Required work »
Repeat the data that follows exactly, starting at the line with "Still-Life Photograph Laurent" and ending at the line with "江苏省启东中学九年级化学普通高中提前招生试题", and leave out every picture.

Working data »
================================

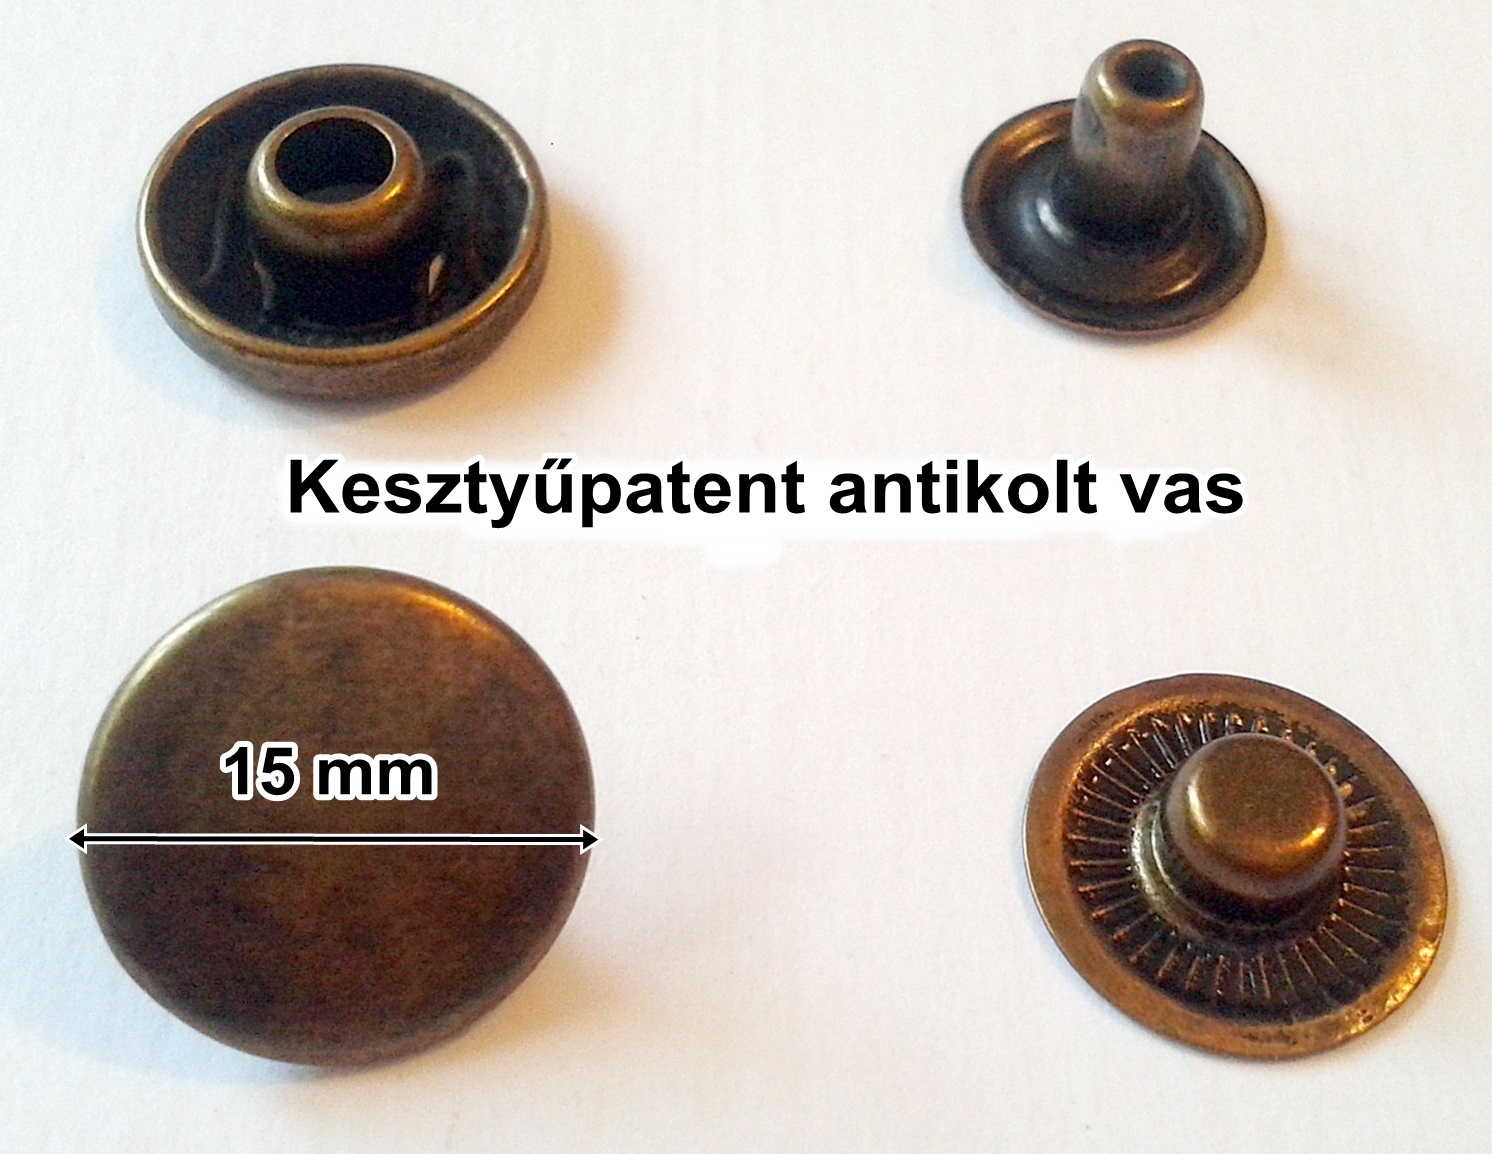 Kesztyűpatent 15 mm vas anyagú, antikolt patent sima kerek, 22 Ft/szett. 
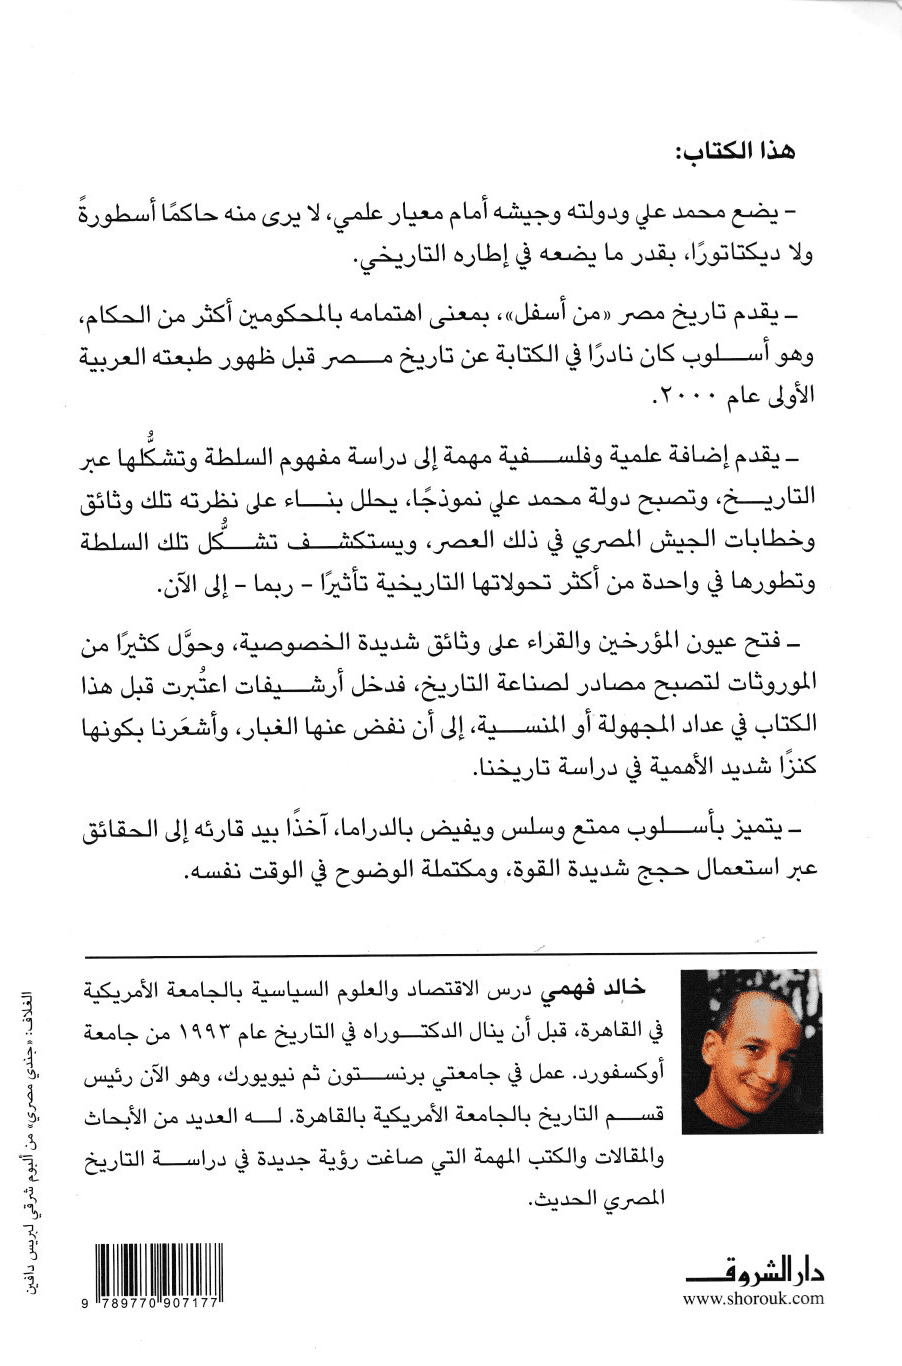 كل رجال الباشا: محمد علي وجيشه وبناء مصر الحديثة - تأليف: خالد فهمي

================================

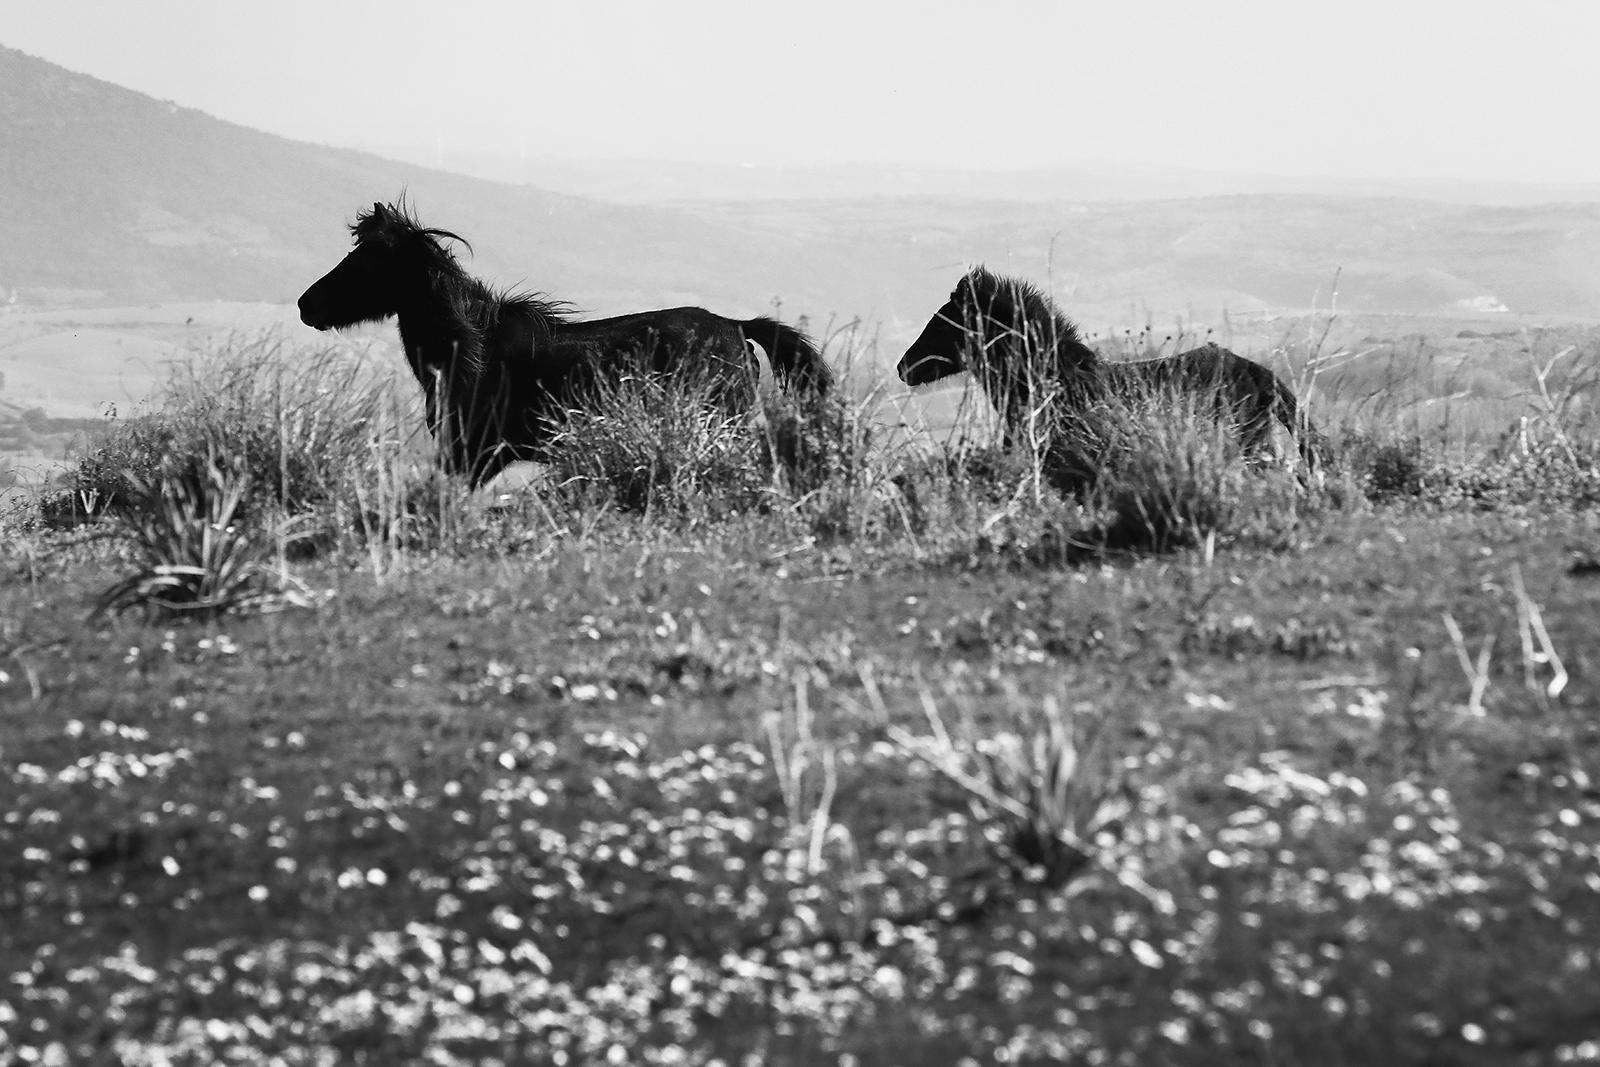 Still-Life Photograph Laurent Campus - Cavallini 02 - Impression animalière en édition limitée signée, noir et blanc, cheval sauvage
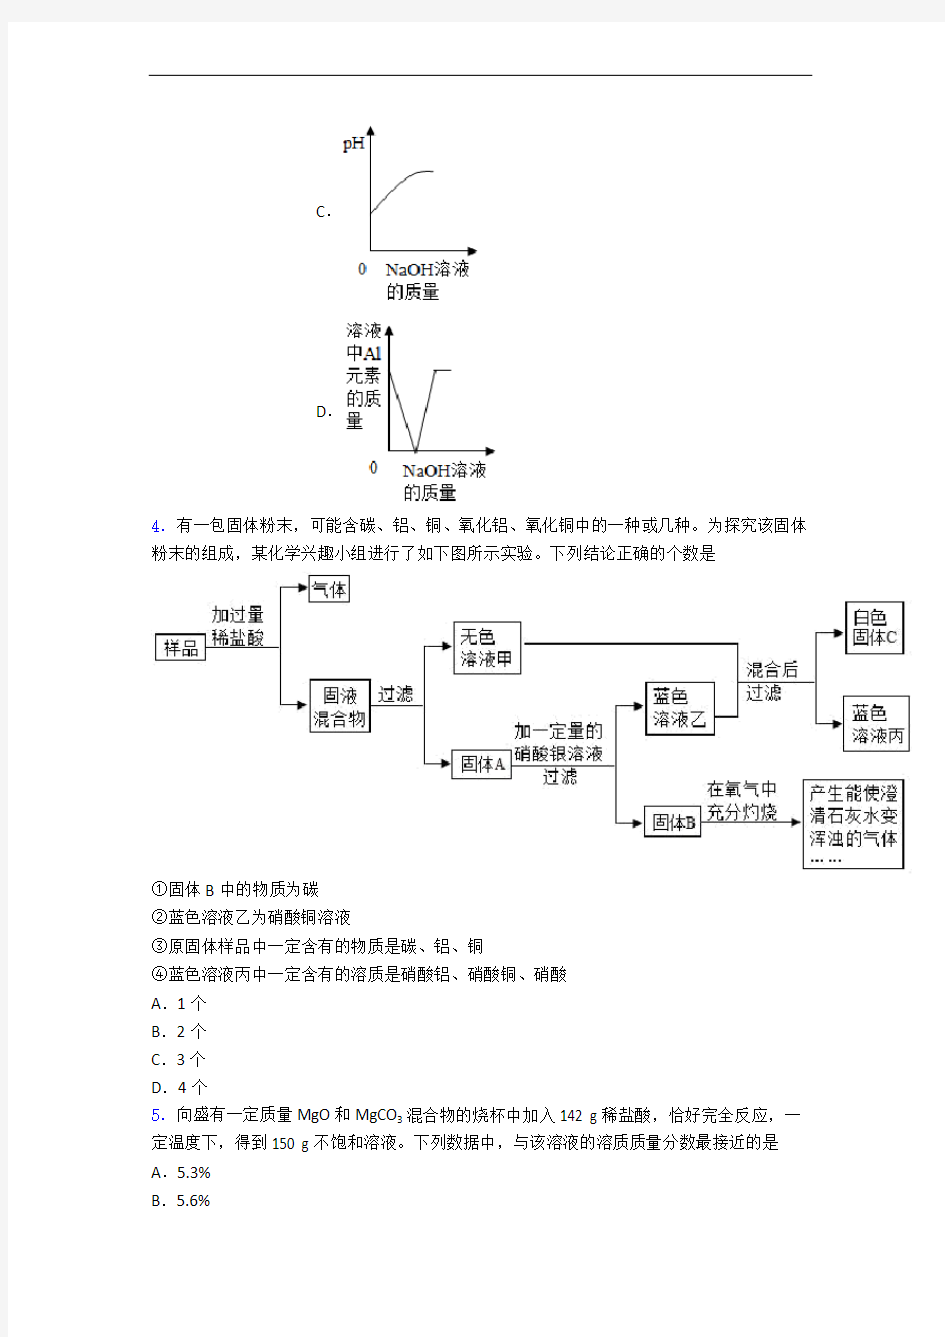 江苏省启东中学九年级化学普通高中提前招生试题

================================

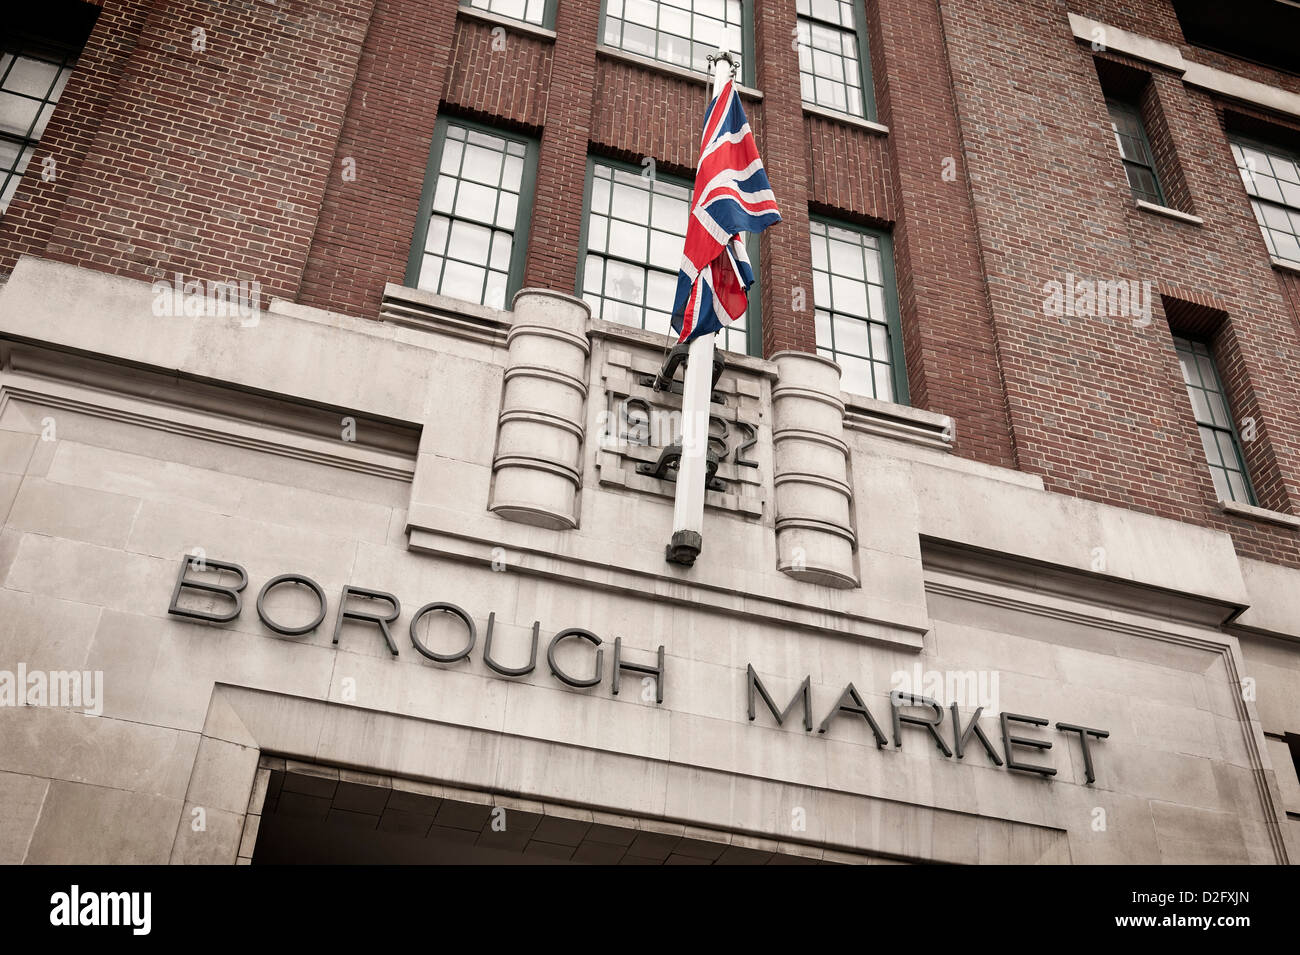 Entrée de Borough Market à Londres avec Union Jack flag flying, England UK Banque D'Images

================================

Answer »
 Still-Life Photograph Laurent Campus - Cavallini 02 - Impression animalière en édition limitée signée, noir et blanc, cheval sauvage
 江苏省启东中学九年级化学普通高中提前招生试题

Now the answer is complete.